Sanral 'unable' to comment on dodgy e-tolls payments by ETC - TechCentral

Sanral ‘unable’ to comment on dodgy e-tolls payments by ETC

Roads agency Sanral has baulked at commenting on allegations that Electronic Toll Collection (ETC), which manages the collection of e-tolls in South Africa, agreed to pay R40-million to an allegedly dodgy subcontractor two weeks before ETC won the Gauteng Freeway Improvement Project (GFIP) e-tolls contract.

Sanral GM for communications Vusi Mona this week declined to respond to a list of questions e-mailed to Sanral on 3 March related to these allegations and to a request last week for additional comment after the Organisation Undoing Tax Abuse (Outa) publicly released further information about the alleged dodgy payments.

Moneyweb published an article on 4 March about the initial allegations made by Outa. The article did not contain any comment from Sanral because the roads agency indicated that it was unable to meet the deadline to provide comment.

Sanral changed tack this week, with Mona stating: “Sanral is unfortunately not able to respond to your questions until transport minister Fikile Mbalula makes a public pronouncement on the e-toll matter. As an implementing agent of government, Sanral continues to be guided by the minister and cabinet’s pronouncement on this matter.”

This is a reference to an undertaking given by Mbalula earlier this month that an announcement on the future of e-tolls will be made before the end of March 2021.

Outa said last week it has received a copy of the 2009 contract between ETC, which is owned by Austrian-based Kapsch TrafficCom, and South African sub-contractor Proash. It said the contract confirms the problems Outa recently raised about the ETC-Proash payments and even more concerns. Outa said a whistleblower sent it the contract after Outa recently exposed the existence of the unknown contract and raised questions about its purpose.

‘Backhander or enrichment scheme’

“The flaws in the contract suggest it was written as a way of paying a backhander, or as an enrichment scheme, linked to Sanral’s award to ETC of the main e-tolls collection and management contract for the Gauteng Open Road Tolling (GORT) project (GFIP).

“The contract shows that ETC hired Proash — a small business with no track record — to manage B-BBEE (broad-based black economic empowerment) issues for R40-million, payable over nine-and-a-half years, signing the flimsy service-level agreement about 10 days before ETC signed with Sanral.

“Outa previously confirmed that at least R10-million was paid over the first three years of the contract but no work appears to have been done,” it said. Outa said concerns arising from the contract include company details, VAT records and the legitimacy of the services supposedly delivered. It said it has provided ETC with a copy of this contract and its concerns to encourage an investigation into this matter.

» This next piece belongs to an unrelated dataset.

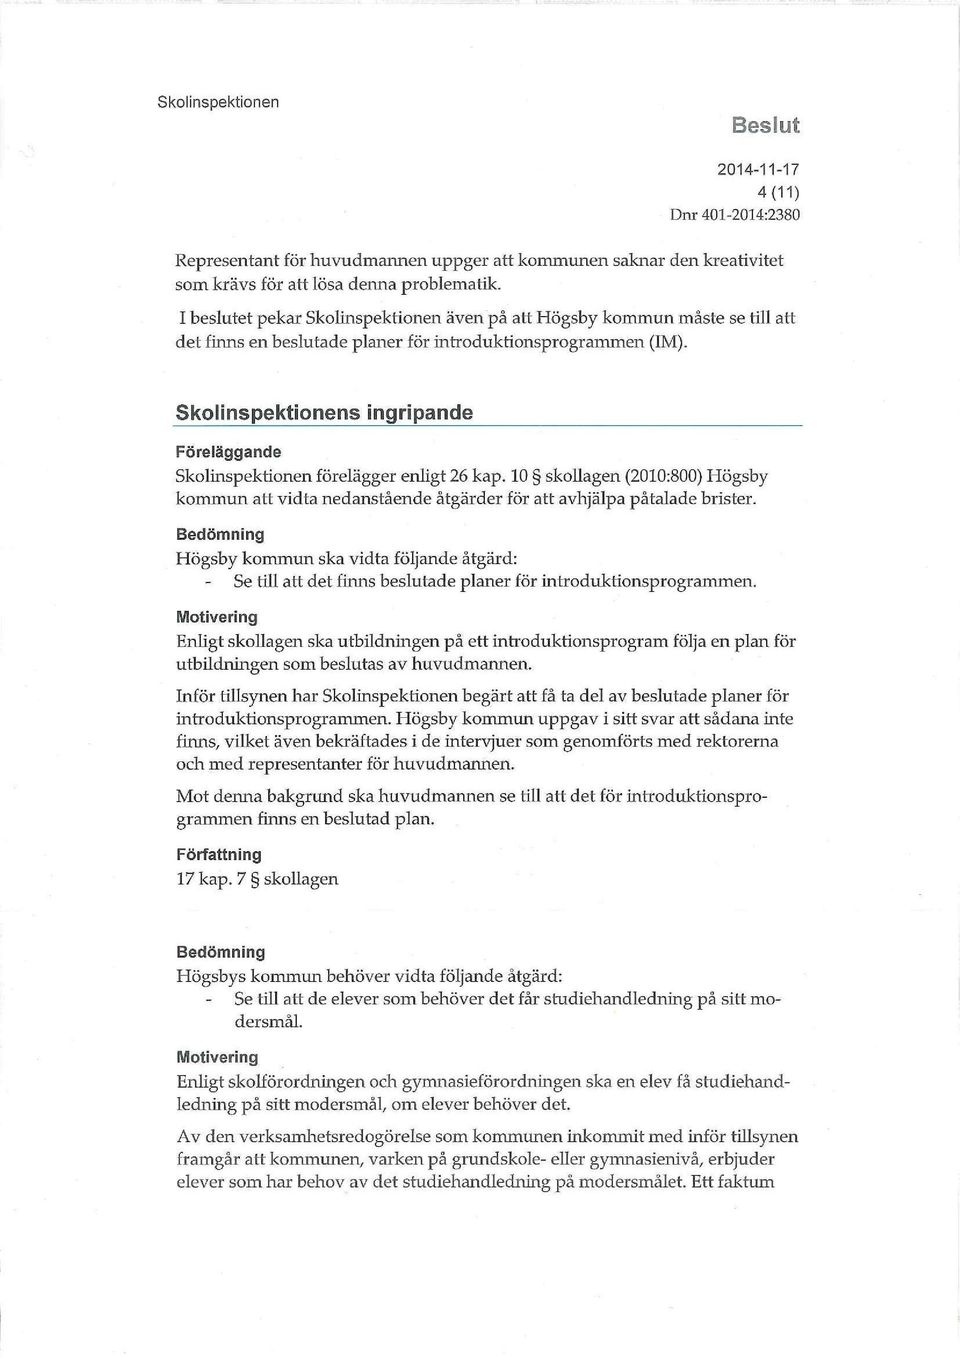 Skolinspektionens ingripande Föreläggande Skolinspektionen förelägger enligt 26 kap. 10 skollagen (2010:800) Högsby kommun att vidta nedanstående åtgärder för att avhjälpa påtalade brister.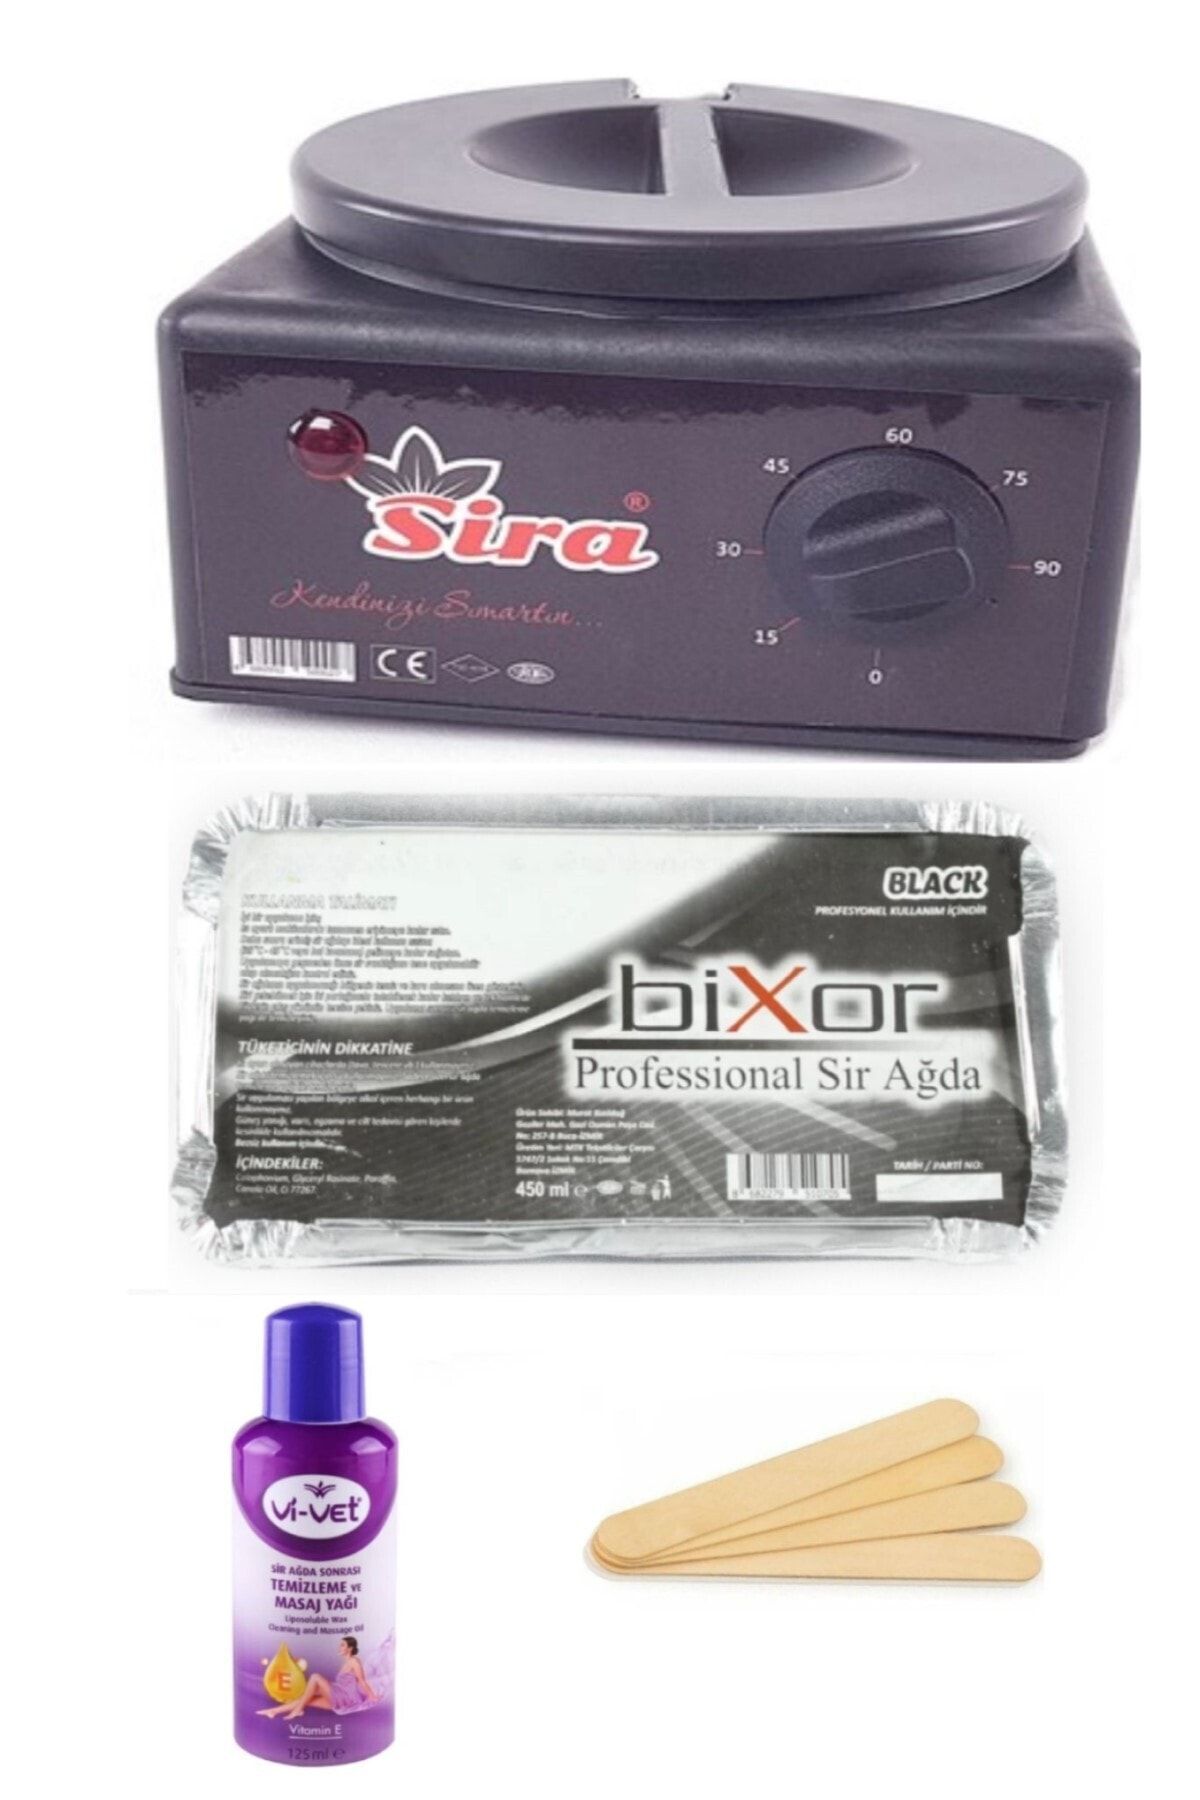 Bixor Black Kalıp Sir Ağda Seti Isıtıcı Kazanlı – Black Waxing Set With Wax Heater

Outa director for accountability Stefanie Fick said in the organisation’s letter to ETC: “It is Outa’s understanding that payments made to Proash were claimed back from Sanral and did not form part of the GORT project payment they received. ETC should be mindful that any funds that were spent on payments to ETC were taxpayers’ money, and therefore it is critical to establish if the agreement and payments to Proash were legitimate. We once again give you our undertaking to cooperate with any independent investigations on this matter. We once again request that you make your findings public and also share your findings with Outa. If you are serious about the fight against corruption in this country, we need your undertaking to act on any wrongdoing that emerges out of this matter and that you will be transparent with the findings and your report.”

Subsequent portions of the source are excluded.